▸ **Problem statement**: With pictures excluded, output exactly the lines that run from the first line of the data below through the line containing "Falco pellegrino giovanile".

▸ **Collected data**:

━━━━━━━━━━━━━━━━━━━━━━━━━━━━━━

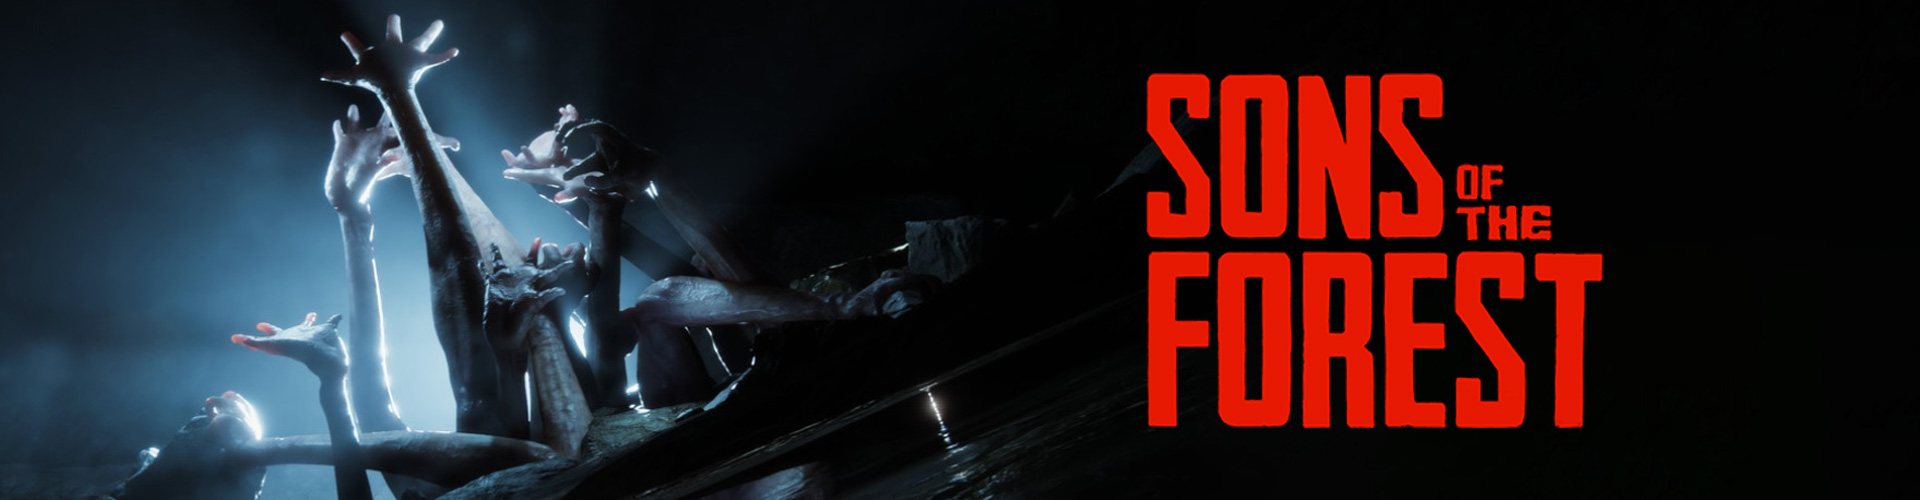  Sons of the Forest Ã© um jogo multijogador online de terror e sobrevivÃªncia
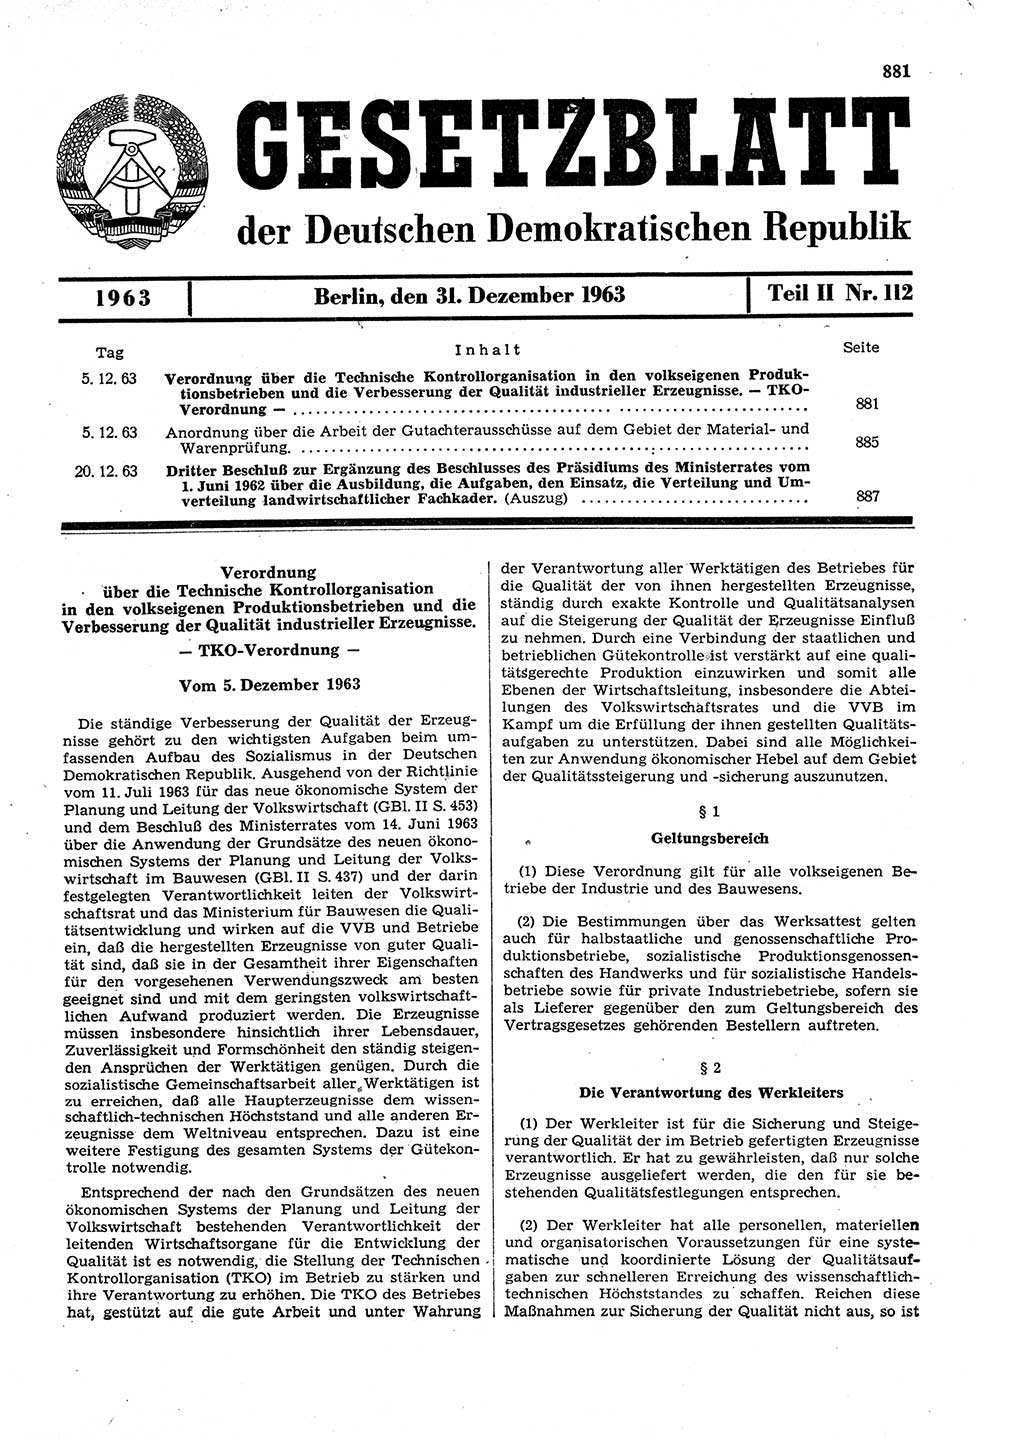 Gesetzblatt (GBl.) der Deutschen Demokratischen Republik (DDR) Teil ⅠⅠ 1963, Seite 881 (GBl. DDR ⅠⅠ 1963, S. 881)
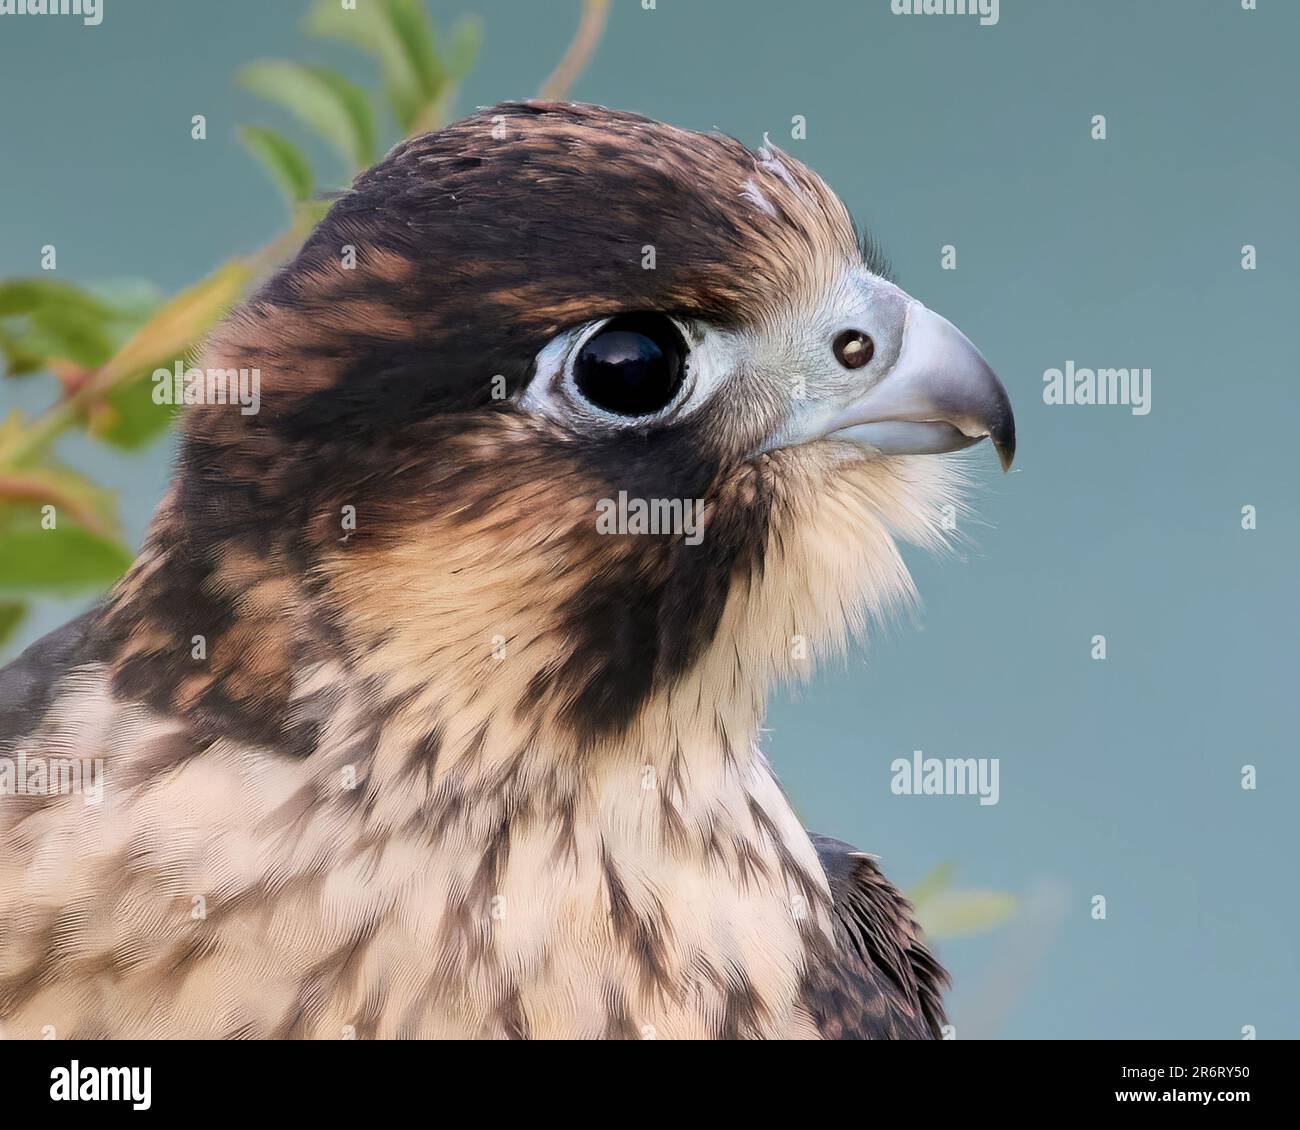 Falco pellegrino giovanile (Falco peregrinus) nel suo ambiente naturale Foto Stock
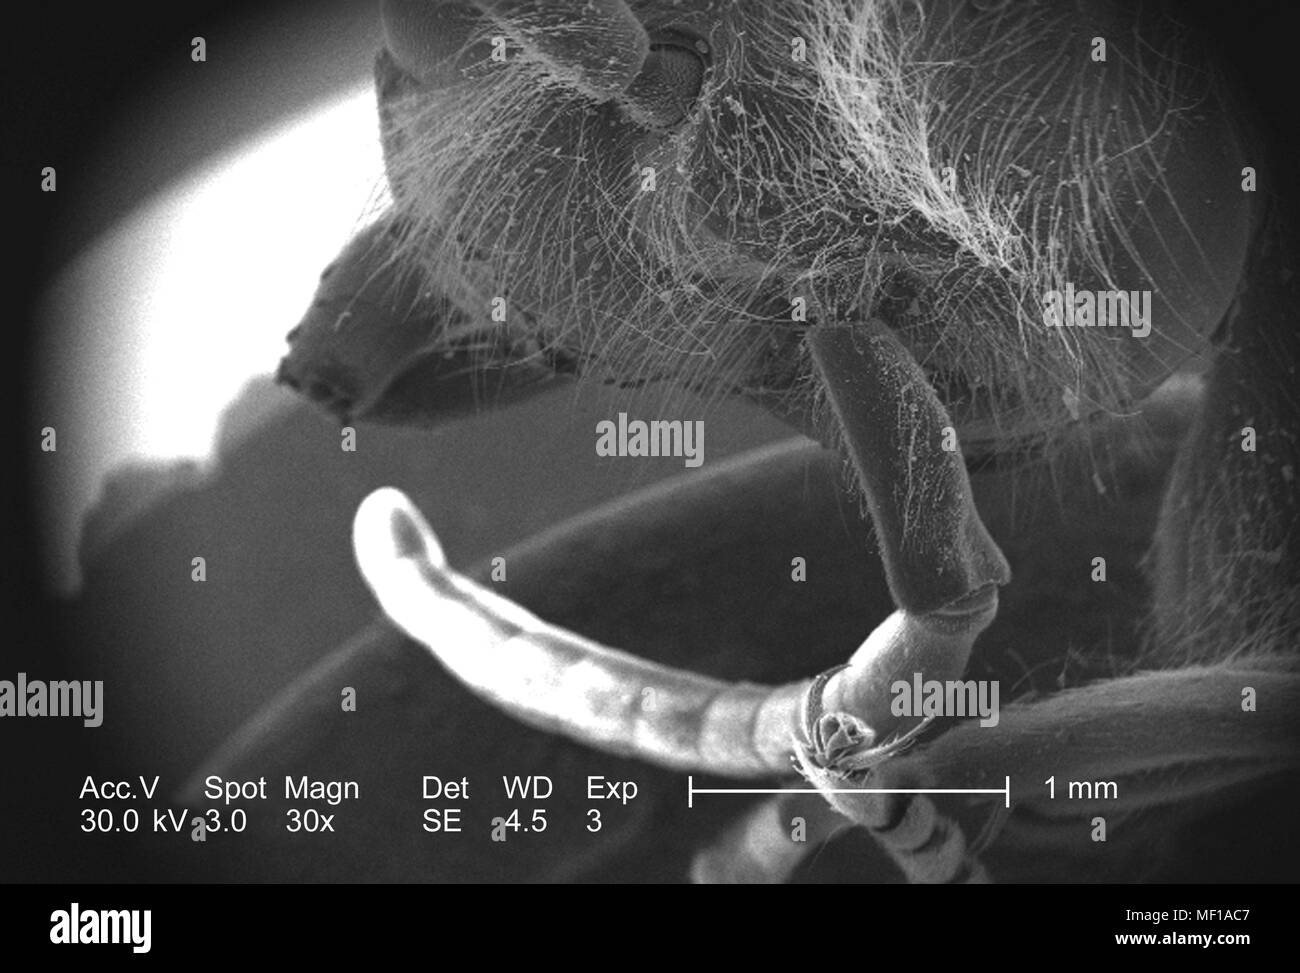 Dettagli morfologiche di un misterioso hymenopteran insetti testa e antenna, raffigurato in 30x di scansione ingrandita al microscopio elettronico (SEM) immagine, 2005. Immagine cortesia di centri per il controllo delle malattie (CDC) / Janice Haney Carr. () Foto Stock

━━━━━━━━━━━━━━━━━━━━━━━━━━━━━━

▸ **Completed task**:
  Sons of the Forest Ã© um jogo multijogador online de terror e sobrevivÃªncia
 Gesetzblatt (GBl.) der Deutschen Demokratischen Republik (DDR) Teil ⅠⅠ 1963, Seite 881 (GBl. DDR ⅠⅠ 1963, S. 881)
 Falco pellegrino giovanile (Falco peregrinus) nel suo ambiente naturale Foto Stock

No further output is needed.